# Ghost shrimp and tank size



## tomztinywetone (May 4, 2013)

I started the hobby with a 20 gal extra tall tank. Got it super cheap so i set it up. Everything growing fast and fish fine and i bought some ghost shrimp. Fun to watch and they would show up in the tank once in a while., A month later i got a 15 gal tank with a real sweet wood stand so i switched to that tank. I'm so glad i did. It just looks so much more pleasing to my eye. That's just me and my taste. Now to the point. The substrate in the new tank is Floramax with a layer of black sand. Now, the shrimp are active all the time. Climbing up the glass, back and forth in the sand, it's like they got a new lease on life. Could it be the sand is the difference. The other change i made is the lights. Because the height is almost half, i removed the LED's and replaced them with two 13 watt cfl's. My theory is that i have to acclimate the plants to the new light and i don't want an algae bloom. So was it the light or the substrate change that brought the shrimp to become so active?


----------



## Big Dog (May 17, 2010)

If you do not have fish in this tank. That would be the reason you are seeing them more. There is no one to eat them.


----------



## tomztinywetone (May 4, 2013)

I have fish, neon tetras, fancy tail guppies and a platty. These shrimp go up and down the glass with the fish and come to the top when i feed the fish. Never did that in the other tank. I'm beginning to believe they like sand more than gravel.


----------



## nate2005 (Apr 24, 2013)

Could be the older of the two tanks didn't have ideal ammonia nitrite nitrate conditions and with the switch to the new tank (and probably new water?) its better for all of them(like a water change). 

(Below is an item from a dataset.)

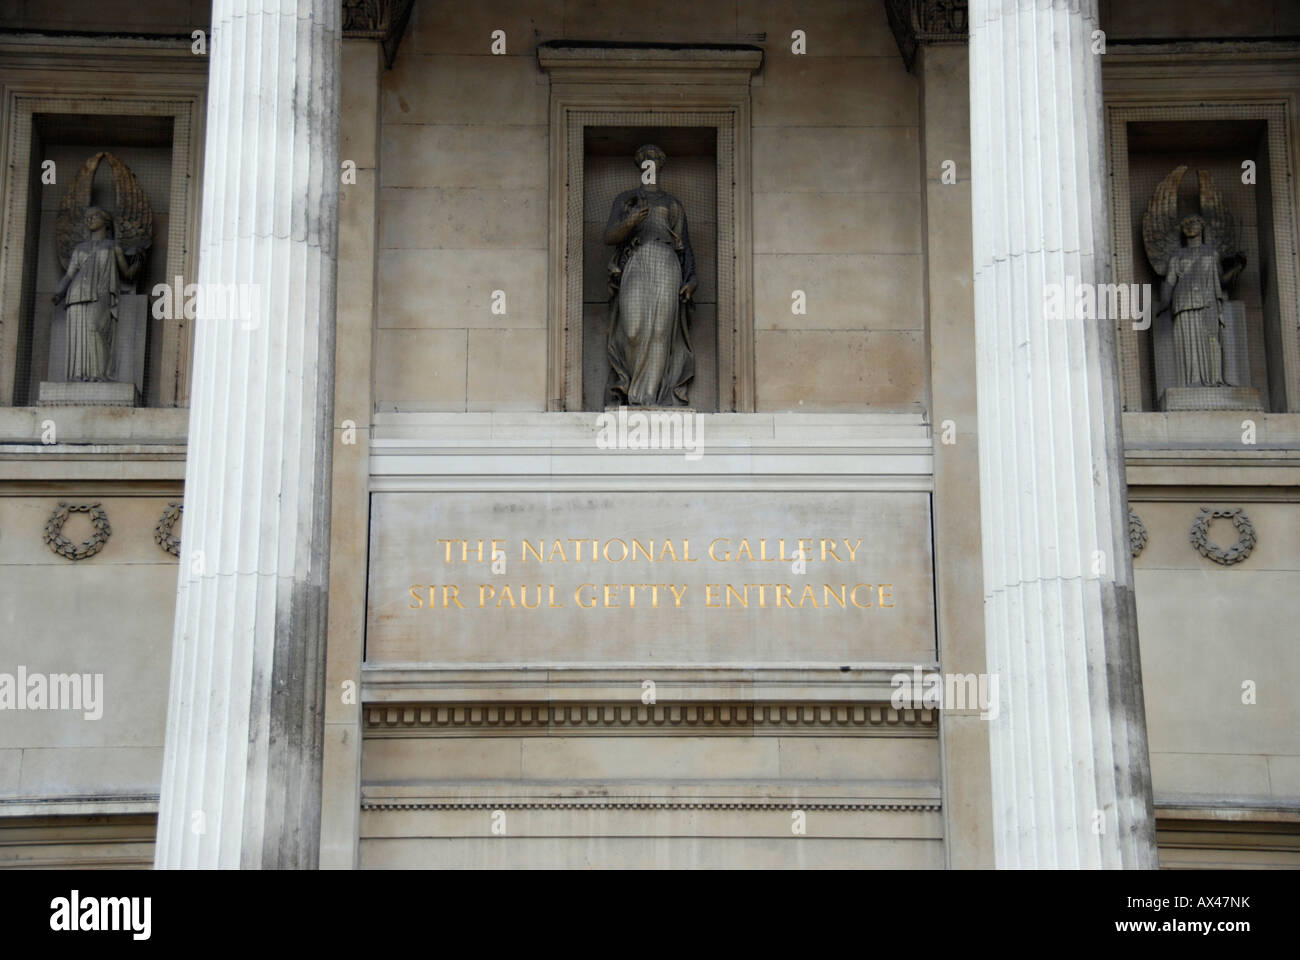 La National Gallery, Sir Paul Getty Entrée, Trafalgar Square, Londres Banque D'Images

good to hear they like their new home better!


----------



## Raymond S. (Jan 11, 2013)

Ghost shrimp are highly effected by ammonia levels...more so than fish. The light is also a (imo) slight possibility for the change.
One thing most people overlook in this case is that critters travel more when food is scarce. Well established tanks have a lot more algae(provided you
are not using a chemical to keep it out)than most people realize as most of it stays small enough to not be noticed as readily as you would think.
This is their primary food supply and a new tank has hardly any of it. As the tank matures they will slow down(some) but water conditions are a
serious hindrance to their desire to travel around and find food.
AqAdvisor - Intelligent Freshwater Tropical Fish Aquarium Stocking Calculator and Aquarium Tank/Filter Advisor
This will give you an idea as to your stocking level and suggested water change schedule for that stocking level. The Ghost shrimp would like some moss to eat also.
Christmas type grows slower than Java and therefor is less likely to get out of hand or at least as fast as Java moss.
They will slow a bit as the tank matures but good water quality is my guess as to what is needed primarily.


----------